The type of AF is the single best clinical predictor of AF recurrence after PVI [35]. Interestingly, LA EAT dispersion showed a similar performance to predict AF recurrence than the type of AF. However, combination of LA EAT dispersion with the type of AF allowed to refine prediction of AF recurrence in both patients with paroxysmal and persistent AF.

This study has several limitations. First, this was a single center study with a retrospective analysis of a prospective registry. The results should therefore be externally validated in an independent patient population, using the same methods.

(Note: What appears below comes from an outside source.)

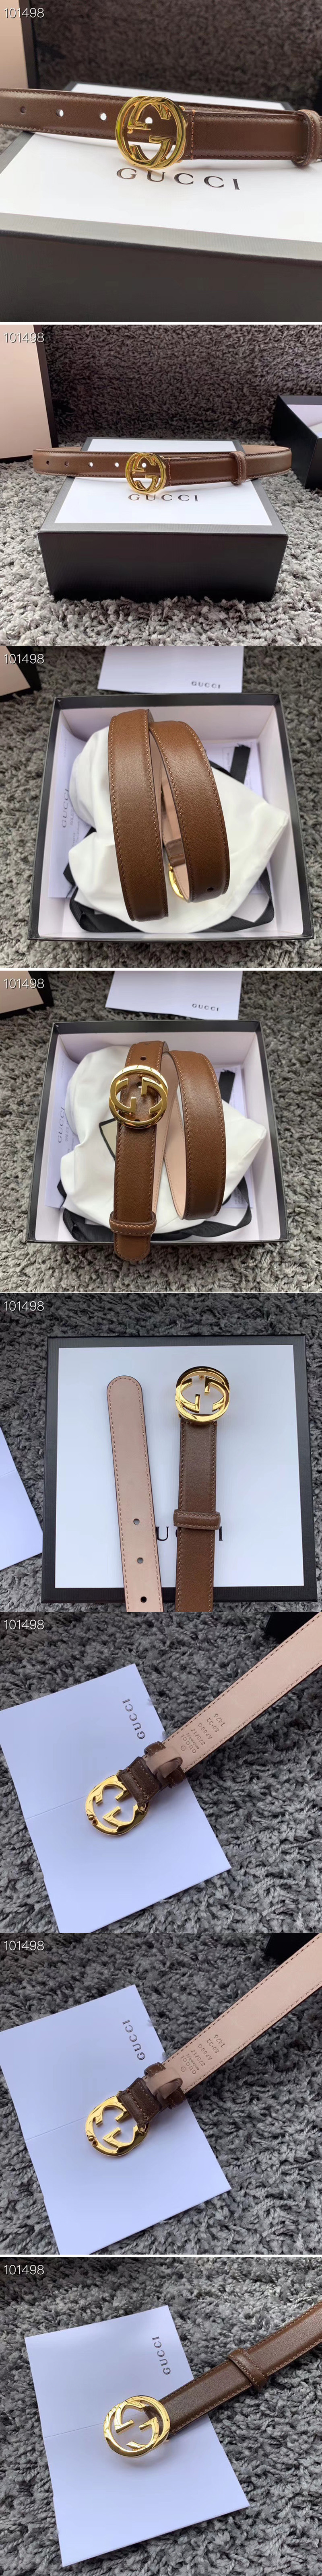 Replica Women's Gucci 370717 25mm Leather belt with Interlocking Gold G buckle in Caramel Leather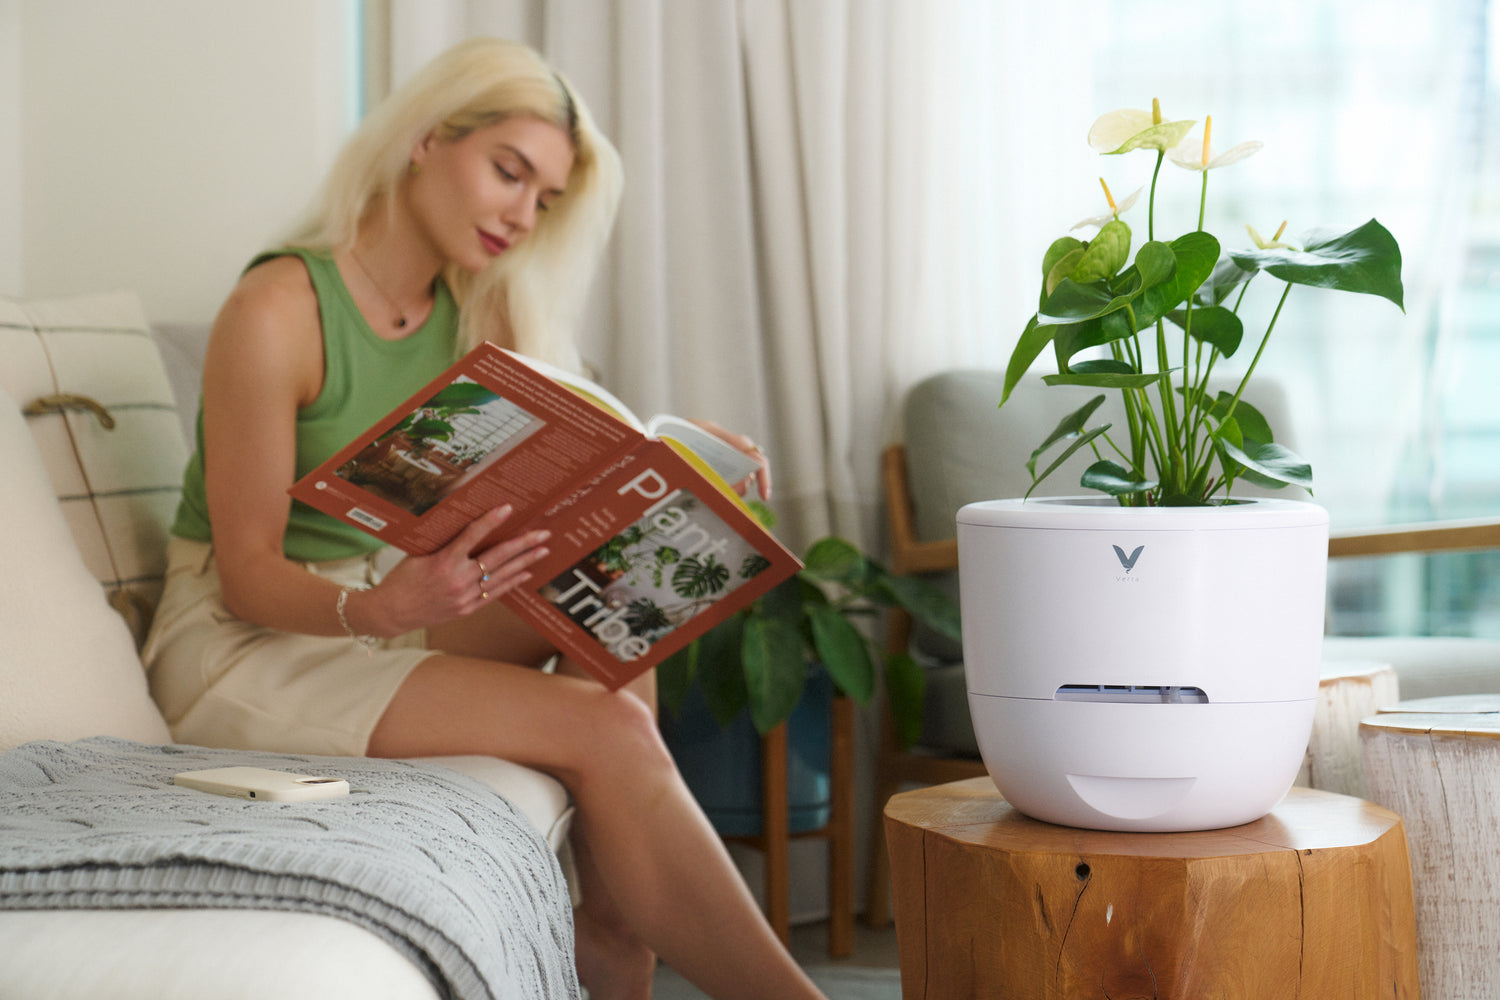 Woman reading on sofa, enjoying clean air beside Verta's Natural 4-in-1 Eco-Friendly Air Purifier utilizing plants as filters.

Second, EAT attenuation and dispersion may vary between different CT vendors, and differences in the used tube current and voltage, as well as the used CT contrast medium and injection rates—although tube voltages were normalized to mitigate those confounding factors [18].

This is the first study to show that LA EAT dispersion is a predictor of AF recurrence after PVI, as a non-invasive imaging biomarker for LA EAT heterogeneity, independent from AF phenotype and other CT parameters. In combination with the AF phenotype, it allowed prognostication of 1-year AF recurrence in patients undergoing PVI, ranging from a low AF recurrence rate of 22% in patients with paroxysmal AF and LA EAT dispersion below the mean to 71% in patients with persistent AF and LA EAT dispersion above the mean. Based on those findings, a more accurate risk stratification and patient selection may be possible based on a pre-procedural cardiac CT when planning PVI.

In conclusion, a larger LA EAT dispersion on contrast-enhanced cardiac CT scans as a surrogate for EAT metabolic activity is an independent predictor of AF recurrence after PVI.